The four-stone Indonesia toddler is certainly far too unfit to run around with other children - and his condition is set to rapidly deteriorate.
But, despite local officials' offer to buy the Rizal family a new car if the boy quits, his parents feel unable to stop him because he throws massive tantrums if they don't indulge him.
His mother, Diana, 26, wept: 'He's totally addicted. If he doesn't get cigarettes, he gets angry and screams and batters his head against the wall. He tells me he feels dizzy and sick.'
Ardi will smoke only one brand and his habit costs his parents £3.78 a day in Musi Banyuasin, in Indonesia's South Sumatra province.
But in spite of this, his fishmonger father Mohammed, 30, said: 'He looks pretty healthy to me. I don't see the problem.'
Ardi's youth is the extreme of a disturbing trend. Data from the Central Statistics Agency showed 25 per cent of Indonesian children aged three to 15 have tried cigarettes, with 3.2 per cent of those active smokers.
The percentage of five to nine year olds lighting up increased from 0.4 per cent in 2001 to 2.8 per cent in 2004, the agency reported.
A video of a four-year-old Indonesian boy blowing smoke rings appeared briefly on YouTube in March, prompting outrage before it was removed from the site.
Child advocates are speaking out about the health damage to children from second-hand smoke, and the growing pressure on them to smoke in a country where one-third of the population uses tobacco and single cigarettes can be bought for a few cents.
Seto Mulyadi, chairman of Indonesia's child protection commission, blames the increase on aggressive advertising and parents who are smokers.
'A law to protect children and passive smokers should be introduced immediately in this country,' he said.
A health law passed in 2009 formally recognizes that smoking is addictive, and an anti-smoking coalition is pushing for tighter restrictions on smoking in public places, advertising bans and bigger health warnings on cigarette packages.
But a bill on tobacco control has been stalled because of opposition from the tobacco industry.

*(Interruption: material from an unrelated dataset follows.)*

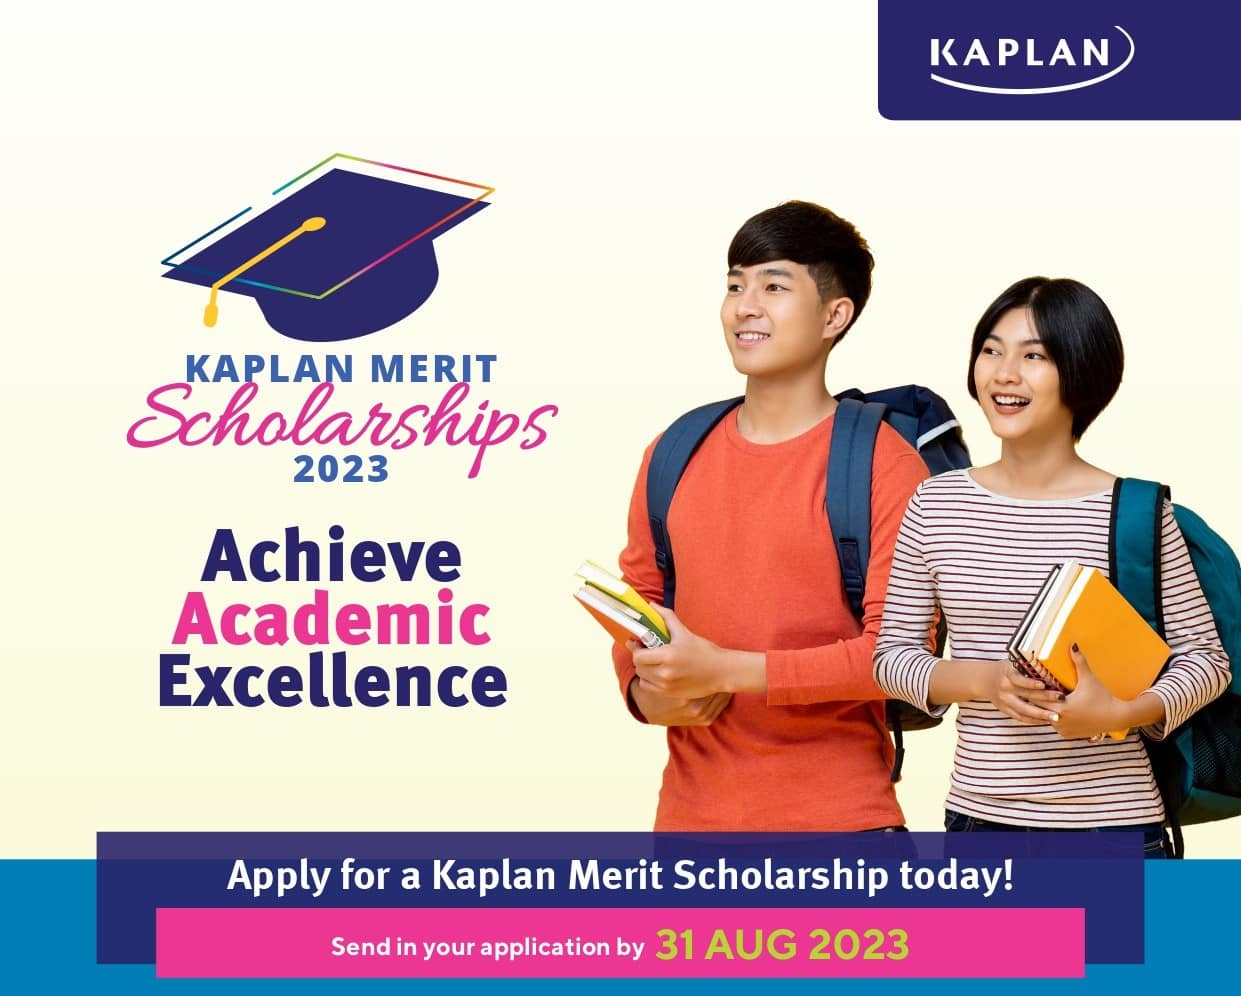 hoc bong kaplan singapore 2023 - Quà tặng Ipad Mini 64G cho học sinh nhập học tại Kaplan Singapore

The bill would ban cigarette advertising and sponsorship, prohibit smoking in public, and add graphic images to packaging.

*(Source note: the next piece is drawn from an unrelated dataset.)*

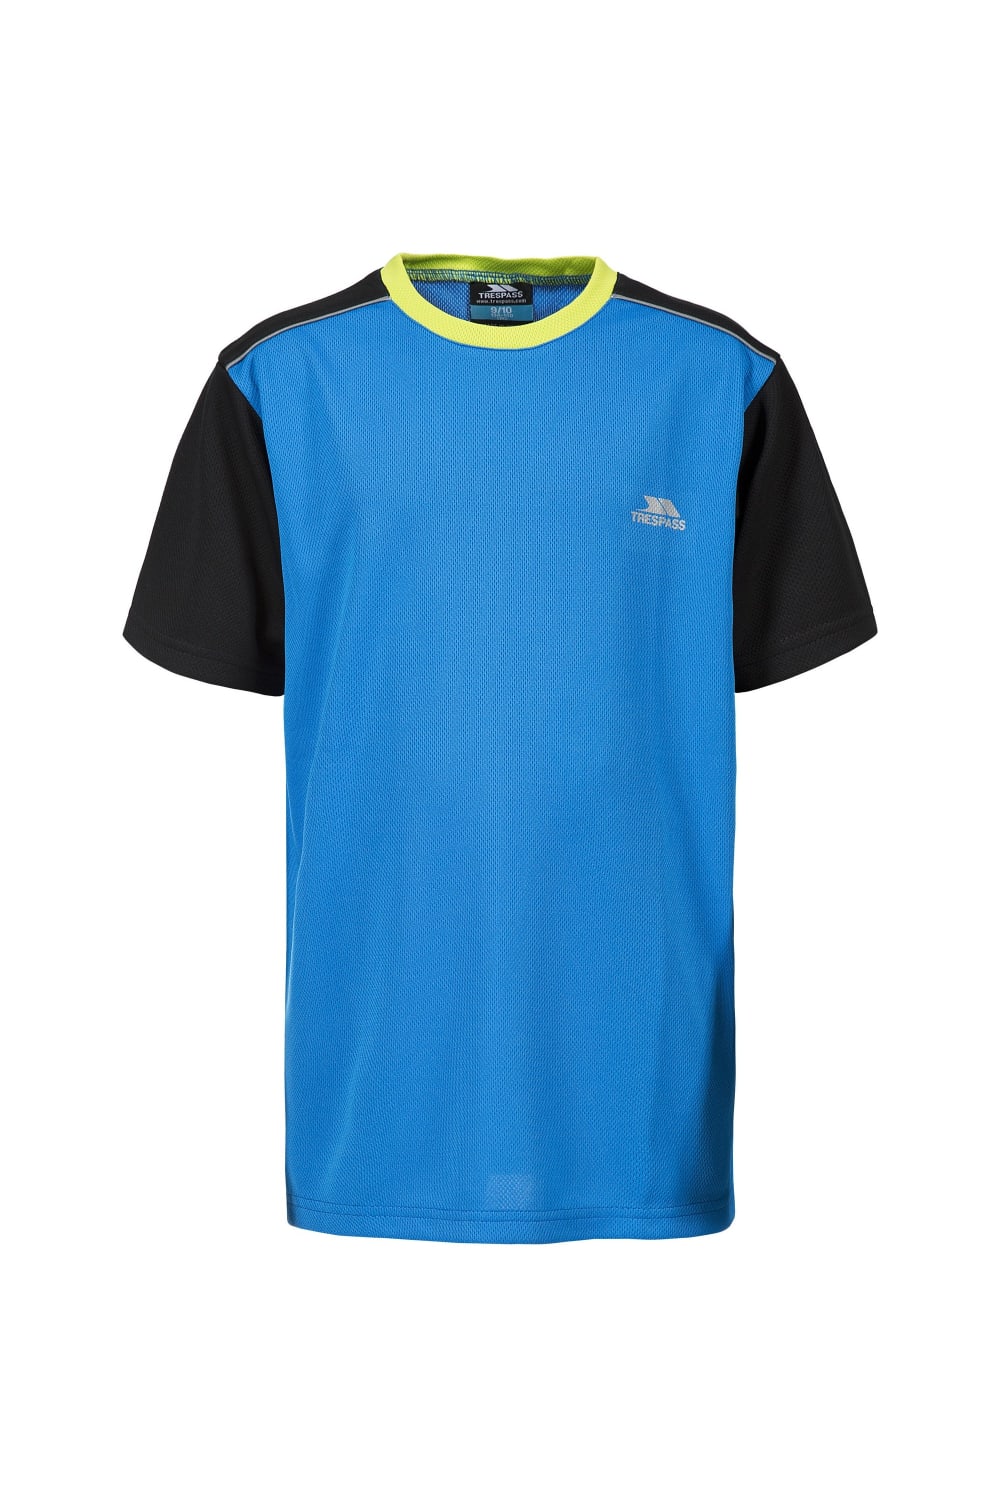 Trespass Childrens Boys Overlap Short Sleeve Active T-Shirt (Cobalt)

Benny Wahyudi, a senior official at the Industry Ministry, said the government had initiated a plan to try to limit the number of smokers, including dropping production to 240 billion cigarettes this year, from 245 billion in 2009.
'The government is aware of the impact of smoking on health and has taken efforts, including lowering cigarette production, increasing its tax and limiting smoking areas,' he said.

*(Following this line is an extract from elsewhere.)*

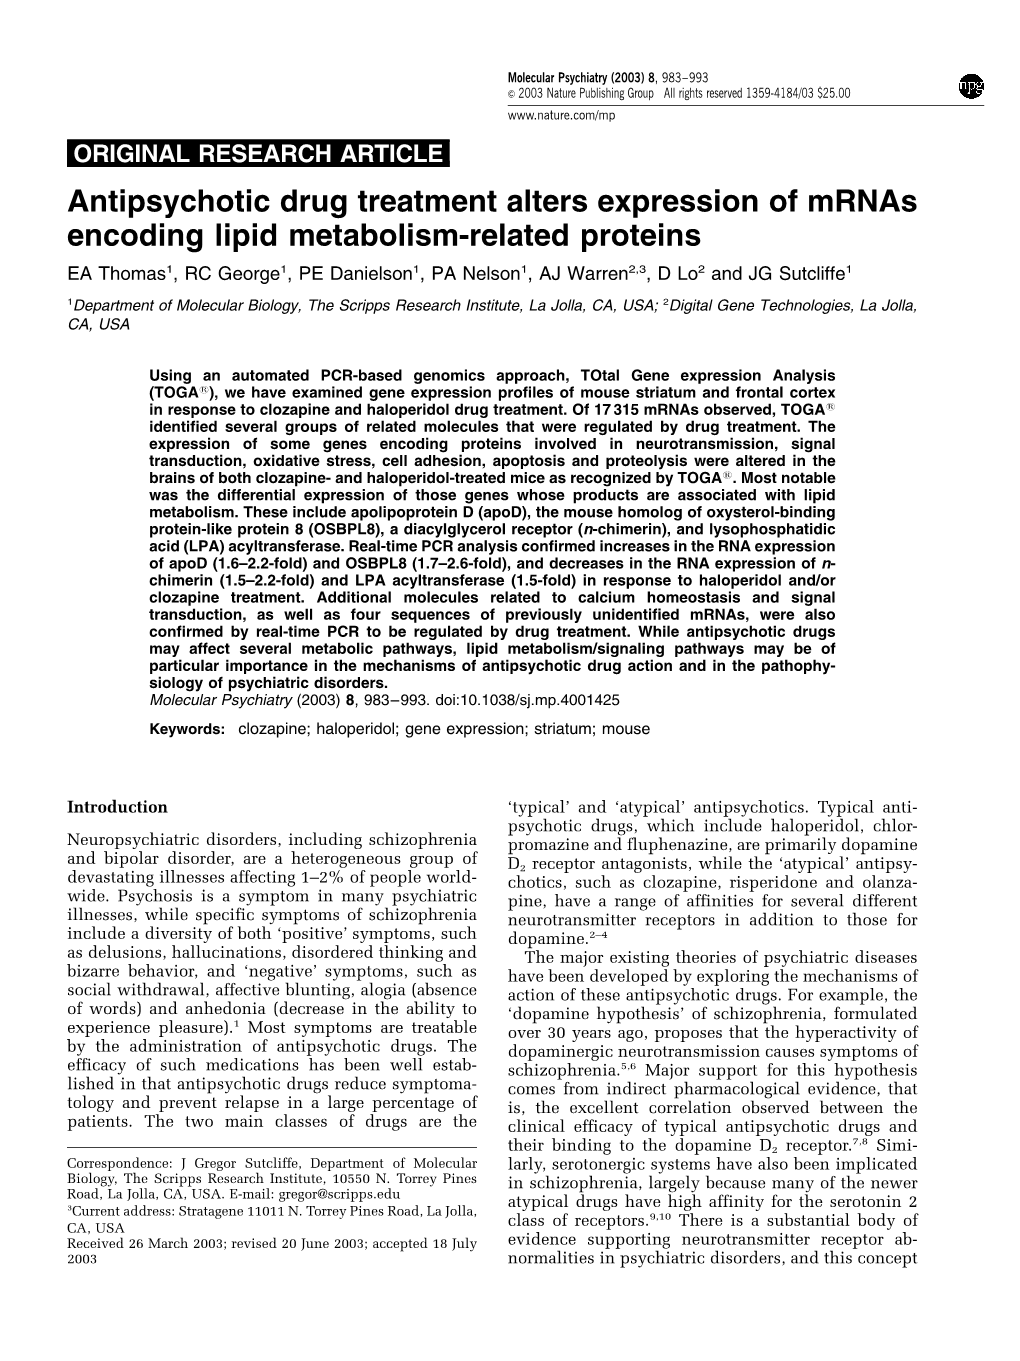 Antipsychotic Drug Treatment Alters Expression of Mrnas Encoding

Mr Mulyadi said a ban on advertising is key to putting the brakes on child and teen smoking.
'If cigarette advertising is not banned, there will be more kids whose lives are threatened because of smoking,' he said.
Ubiquitous advertising hit a bump last month when a cigarette company was forced to withdraw its sponsorship of pop star Kelly Clarkson's concert following protests from fans and anti-tobacco groups.
However, imposing a non-smoking message will be difficult in Indonesia, the world's third-largest tobacco consumer.
Tubagus Haryo Karbyanto, a member of the National Commission of Tobacco Control, said Indonesia must also address the social conditions that lead to smoking, such as family influence and peer pressure.
'The promotion of health has to be integrated down to the smallest units in our society, from public health centres and local health care centres to the family,' he was quoted as saying by the Jakarta Globe on Friday.
Health Minister Endang Sedyaningsih conceded turning young people off smoking will be difficult in a country where it is perceived as positive because cigarette companies sponsor everything from scholarships to sporting events.
'This is the challenge we face in protecting youth from the dangers of smoking,' she said in a statement on the ministry's website.